Lilly’s case was a clinical application of genetic research with life-changing consequences. While most cases of neonatal diabetes are caused by an autoimmune response, a genetic test found that Lilly had a rare mutation in a gene controlling insulin release, a mutation discovered in 2004 by British scientist Andrew Hattersley and first shown in 2006 to be treatable with pills. Her unique case was, in a way, good fortune, as it allowed doctors to prescribe her oral medication to replace the insulin pump the little girl had been forced to use for most of her life.

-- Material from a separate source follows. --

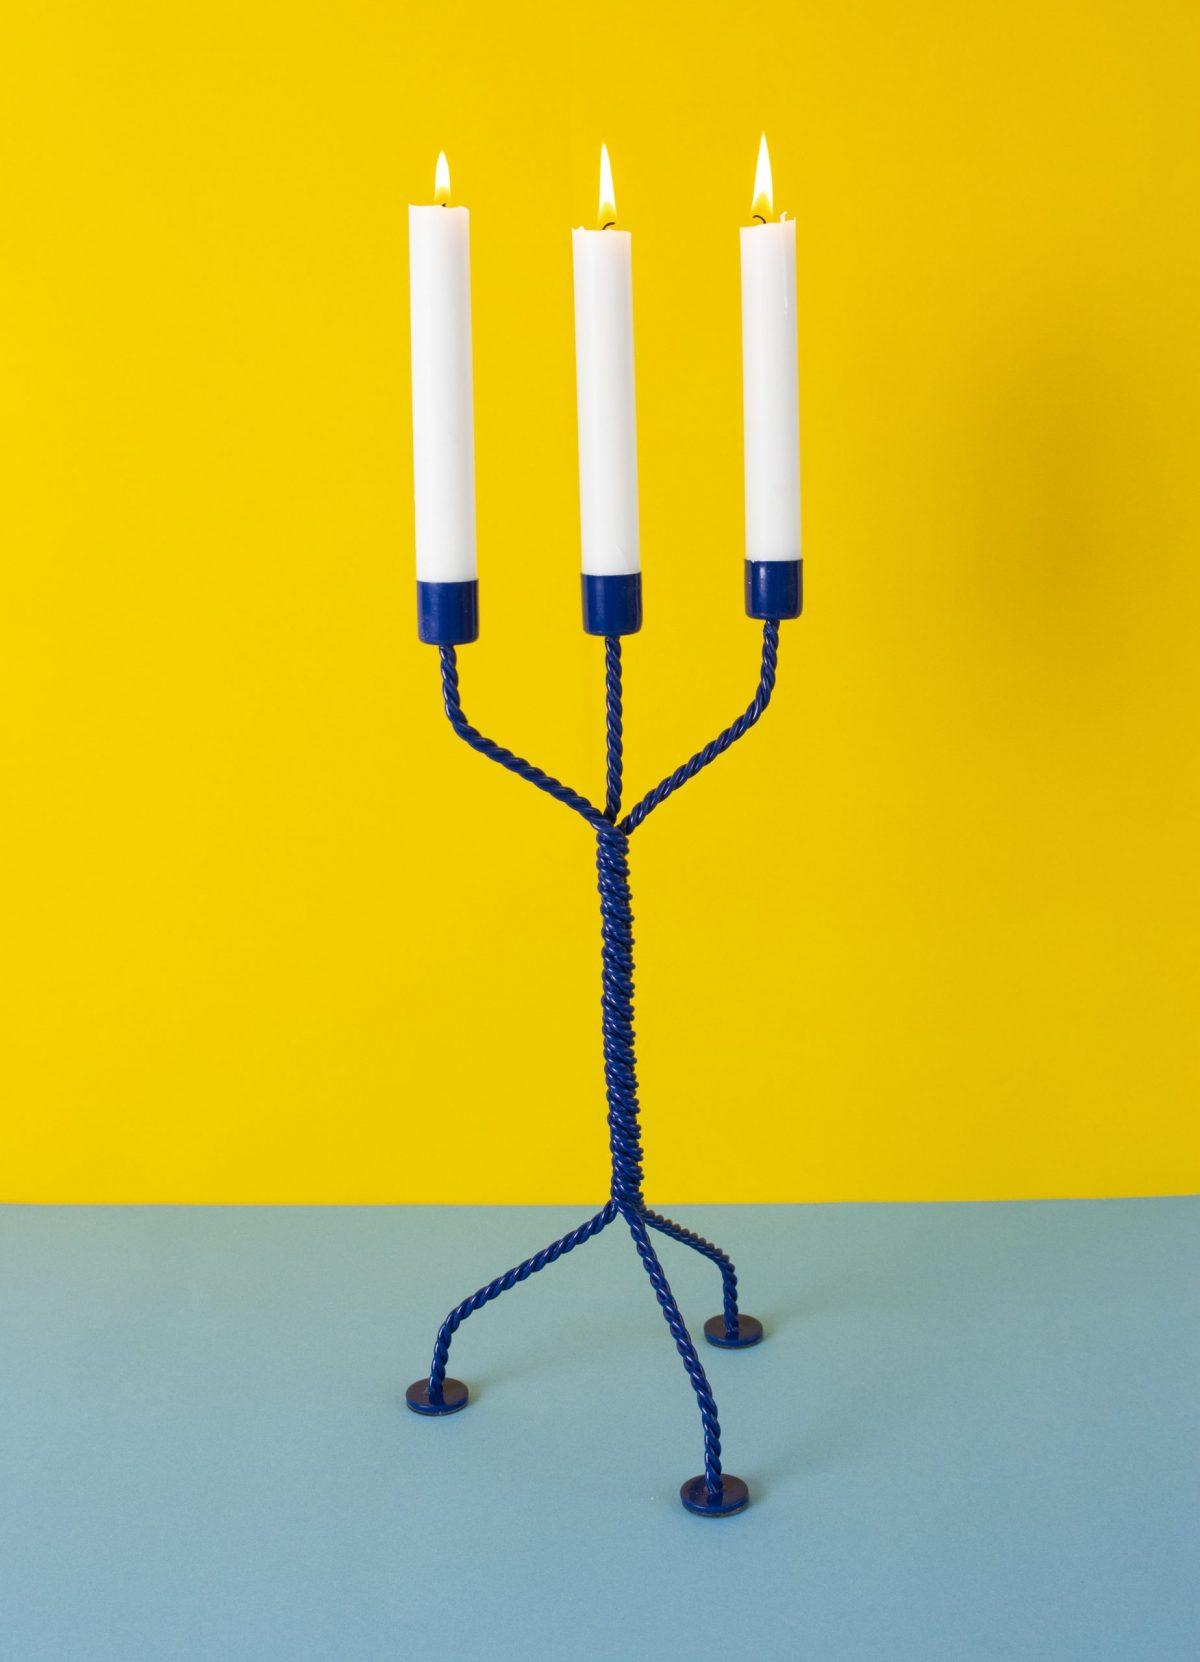 Werkwaardig Twisted Candleholder Dutch Design Kleuren Blauwgeel

That inspirational story was only the beginning. Media coverage of Lilly’s case, including a front-page story by late, great Chicago Tribune reporter Peter Gorner, caught the attention of more families with diabetic children who wondered if their diabetes was caused by a genetic mutation, a condition known as monogenic diabetes. Lilly’s type of mutation is thought to be present in as few as 2,000 people in the United States, but within a year of Gorner’s story, 13 more children had been switched to oral medication by U. of C. doctors. Other patients brought to the attention of Philipson and Bell were found to carry different mutations that caused diabetes, one of which was described in a 2007 paper. At this point over 70 children in the United States and even a handful of adults have transitioned from insulin dependence to pills…from Alaska and California to Florida, Washington, DC and states in between.

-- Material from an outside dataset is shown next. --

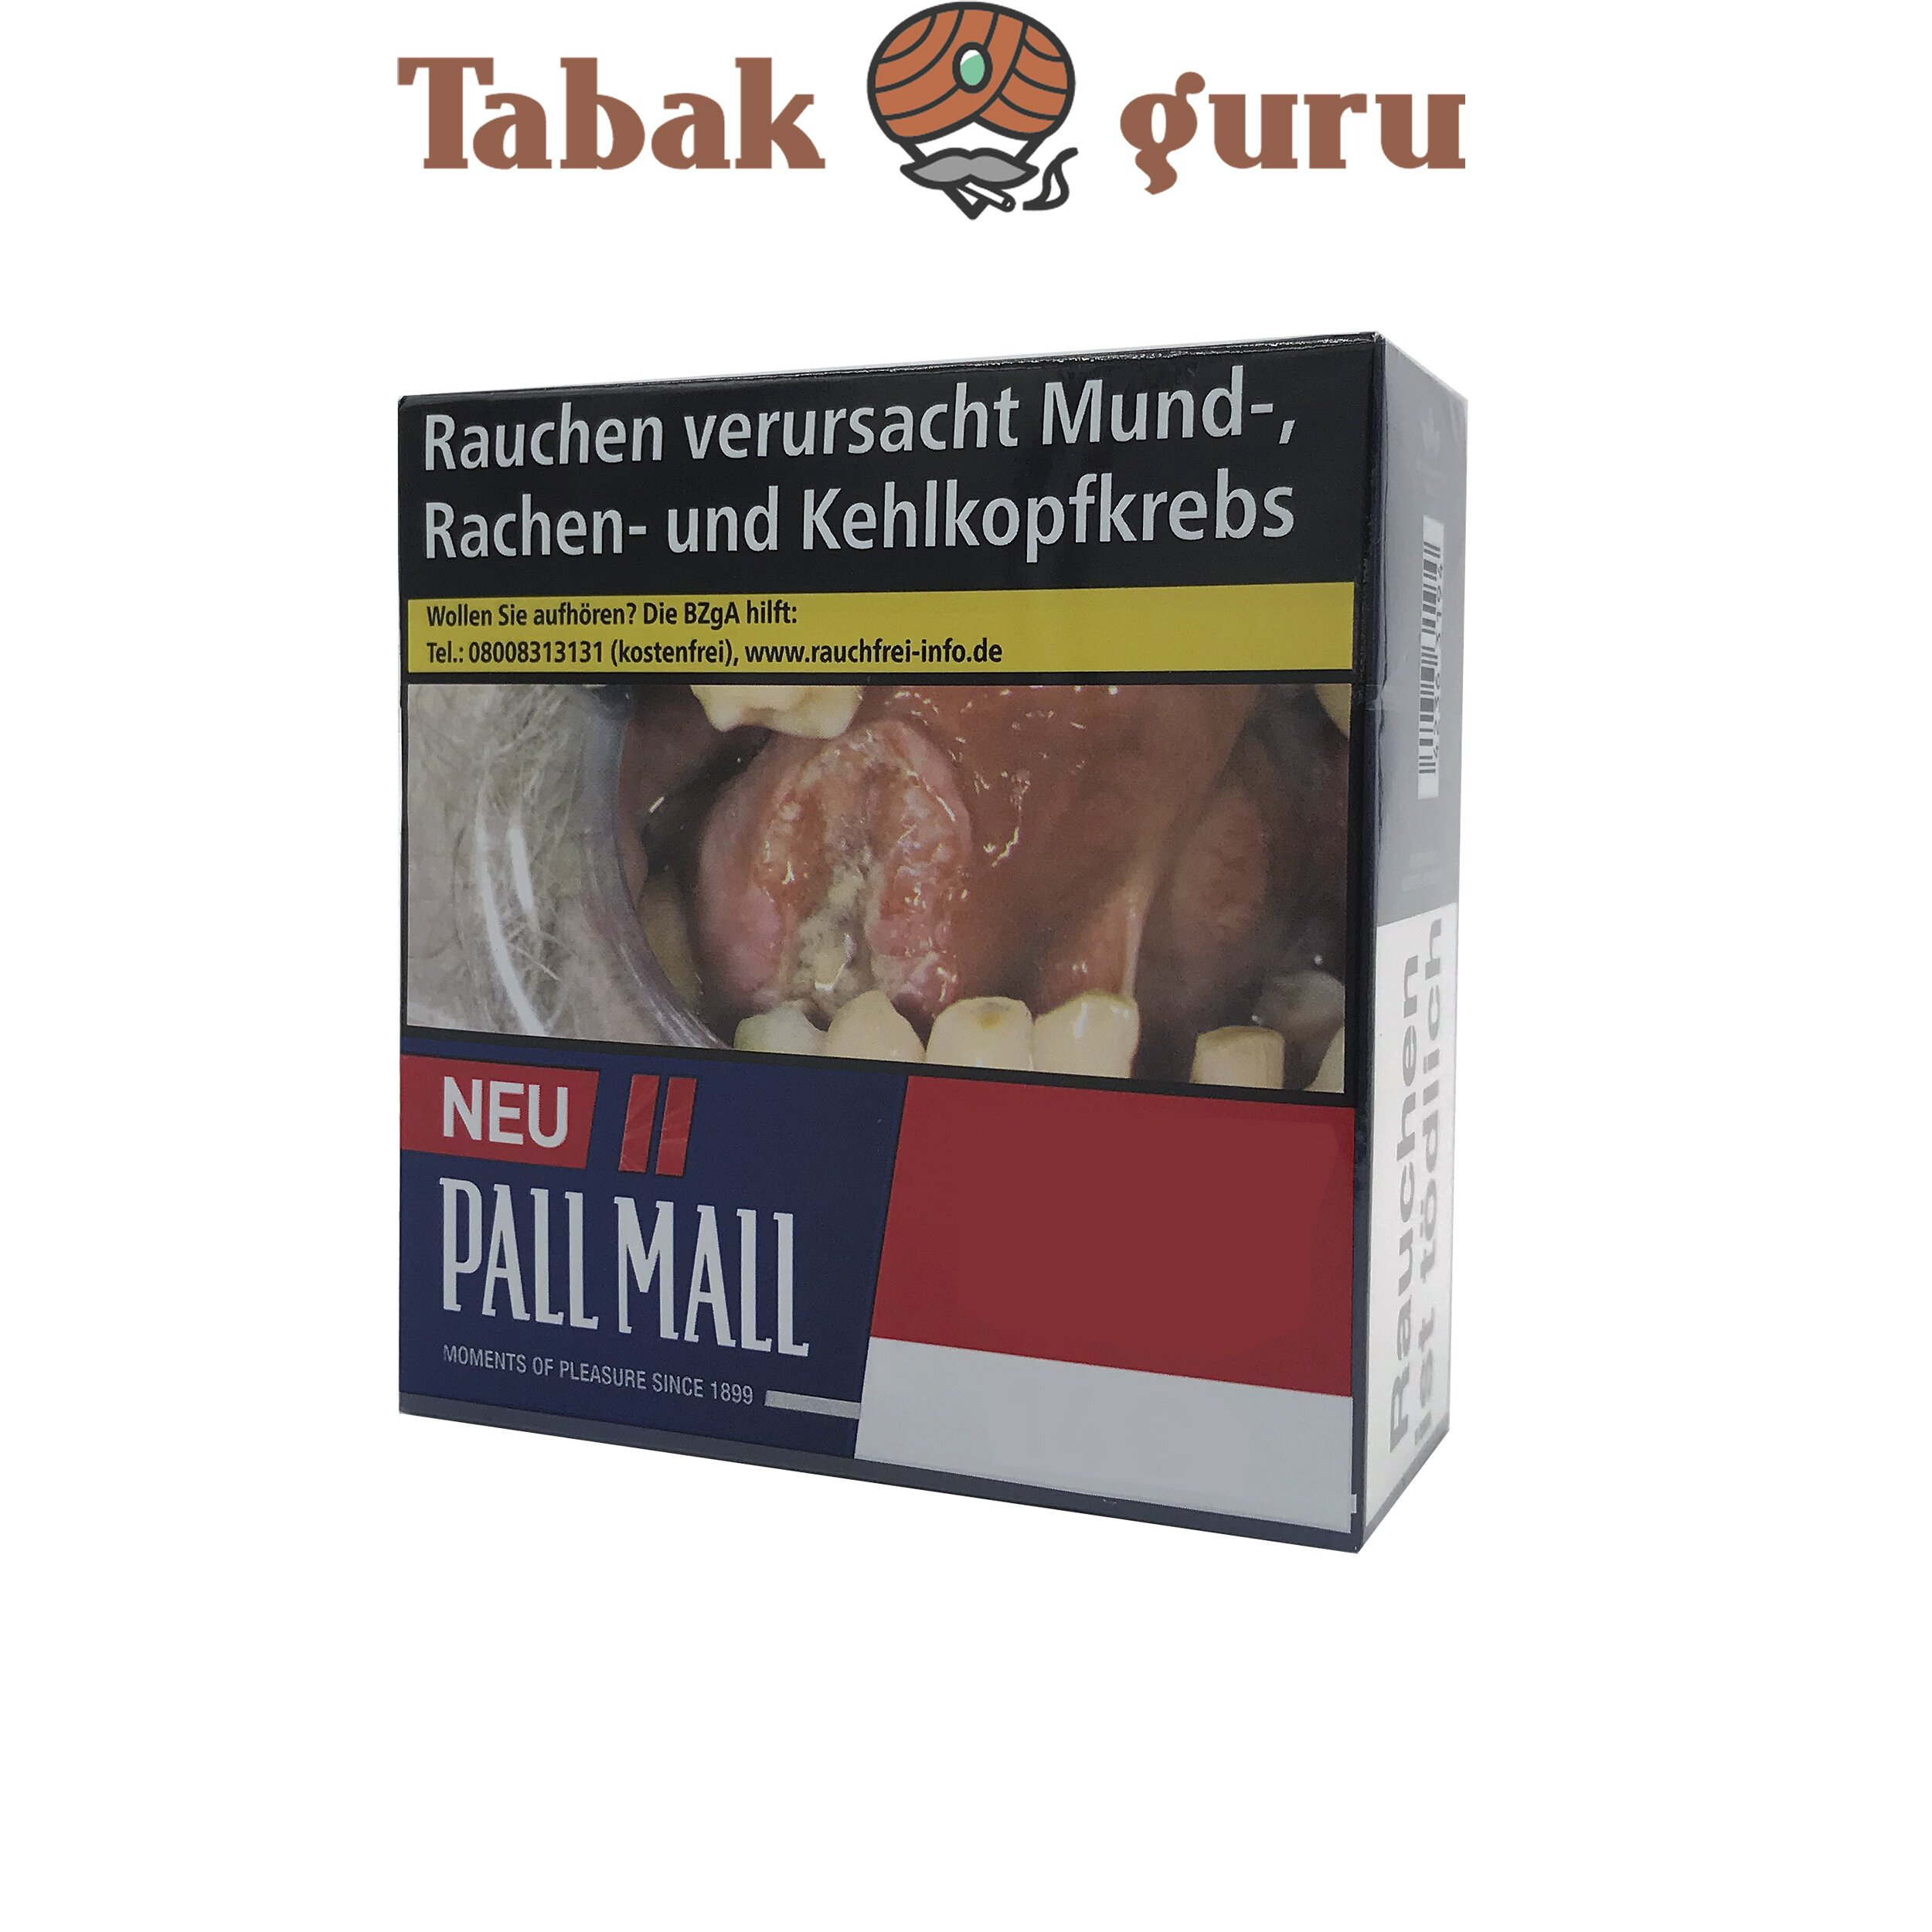 Pall Mall Red / Rot Zigaretten Jumbo Box (49 Stück)

To help organize the hundreds of patients who were genetically tested for potential mutations associated with diabetes, the Kovler Diabetes Center established their own Neonatal Diabetes Mellitus Registry, organized by Dr. Greeley with support from the Juvenile Diabetes Research Foundation International. Now, with the establishment of a statewide registry, Philipson hopes that even more patients eligible for new treatment will be found. Such patients may also present new mutations for diabetes research, or carry mutations found to cause diabetes in laboratory animals (such as this potassium channel mutation published in 2007) but never seen in humans due to their rarity, he said.
Laurie Jaffe, Lilly’s mother, said she was hopeful that the registry would make a difference in the lives of many families with diabetic children.
“This was a true medical miracle for which we are eternally grateful,” Jaffe said. “Now that HB 2481 is law, children with monogenic diabetes like Lilly can be spared a traumatic childhood of insulin dependence.”
The performance of the Lilly’s Law registry, which has been approved as a three-year pilot program, may lead to more comprehensive diabetes registries that can help track wider diabetic populations for clinical, public health and research purposes. In recent years, New York City and San Antonio have created registries for the reporting of lab tests measuring blood sugar control, efforts that have helped public health officials and doctors localize care and education where it appears most sorely needed, despite some legal observers raising privacy concerns. Some of the information reported in the Illinois registry created by Lilly’s law will be optional, Philipson and a spokeswoman for Rep. Cross said.
“This registry could facilitate an awareness from a public health point of view of where new cases of diabetes are arising to a clinical perspective on how primary care physicians are managing diabetes,” Philipson said. “The bill is just the beginning, the very, very tip of the iceberg for Illinois.”